Now people are actively laughing at Neymar and Brazil. That’s a shift that’s been building for years.

Egypt Got Robbed or Just Naive?

The Egypt vs. Argentina match has generated a lot of heat. The disallowed goal from Mostafa Ziko is at the center of it. Let’s break down what happened. Marwan Attia made a challenge on Lisandro Martinez near the touchline. The referee saw it and didn’t call a foul. Egypt then played on, worked the ball down the field with three passes, and Ziko finished. The referee didn’t blow the whistle during the buildup. But because Ziko scored, VAR stepped in and awarded Argentina a free kick. If Ziko had put that shot wide, it would have been a goal kick to Argentina.

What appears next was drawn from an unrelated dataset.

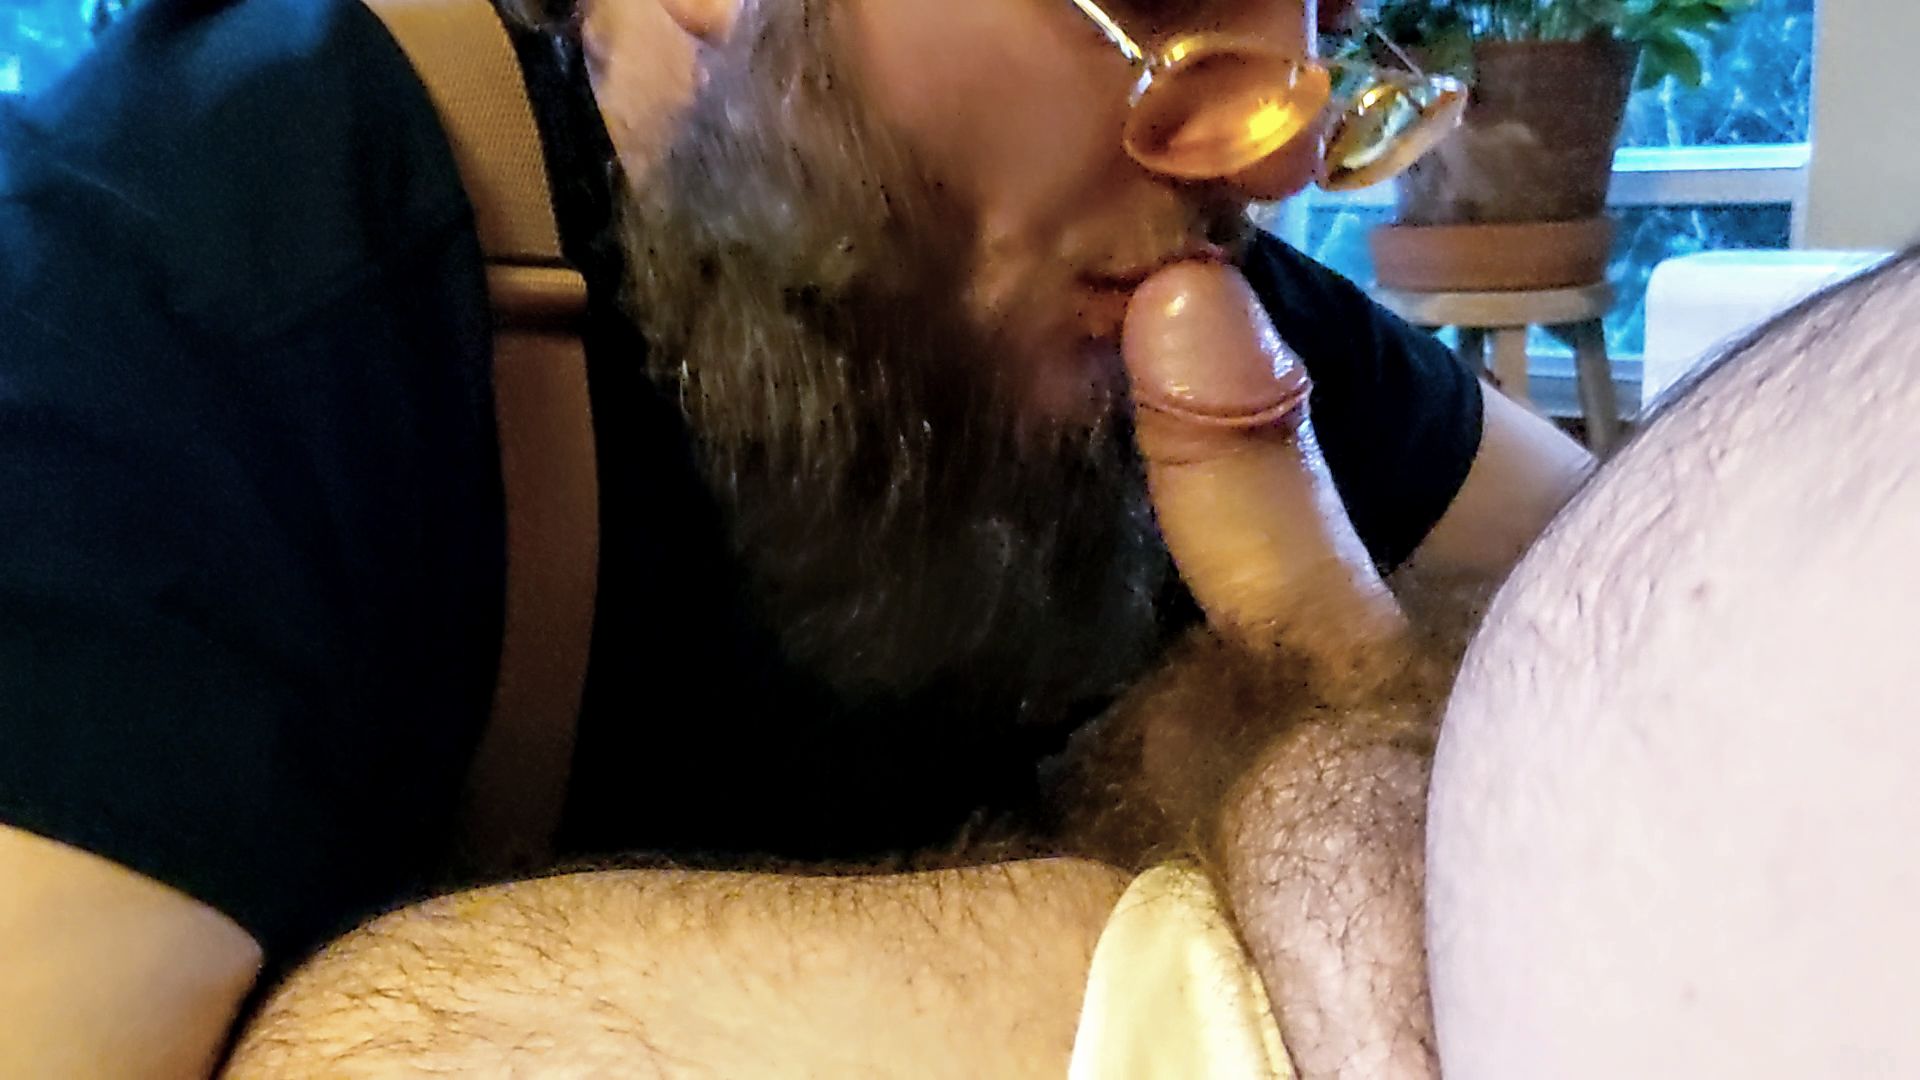 Bubbas doing gay stuff with cock and ass and butts and dick #10

Dale May from Swindon is calling this decision dishonest. His logic is sound. The tackle wasn’t a red card offense. It wasn’t reckless. It was a committed challenge and Martinez made the most of it. The referee didn’t think it was a foul in real time. So why does VAR get to retroactively award a free kick for a non-red-card tackle that was already seen and judged? It doesn’t follow the rules as they’re written.

Andrew from Canada has a bigger question. What does “clear and obvious” actually mean? If VAR has to be certain, why does the referee need to go to the monitor? If the referee needs to review it, then it wasn’t clear and obvious. The whole system gets muddy when opinions are involved.

Paul McDevitt has a different take. He thinks Egypt lost the plot. Going 2-0 up with 15 minutes to play, they should have shut the game down. Instead, Salah kept getting caught on the ball, Marmoush missed a sitter, and the whole bench was too busy reacting emotionally to every decision to manage the game. Argentina, always edgy and happy to use gamesmanship, took full advantage. Egypt were naive.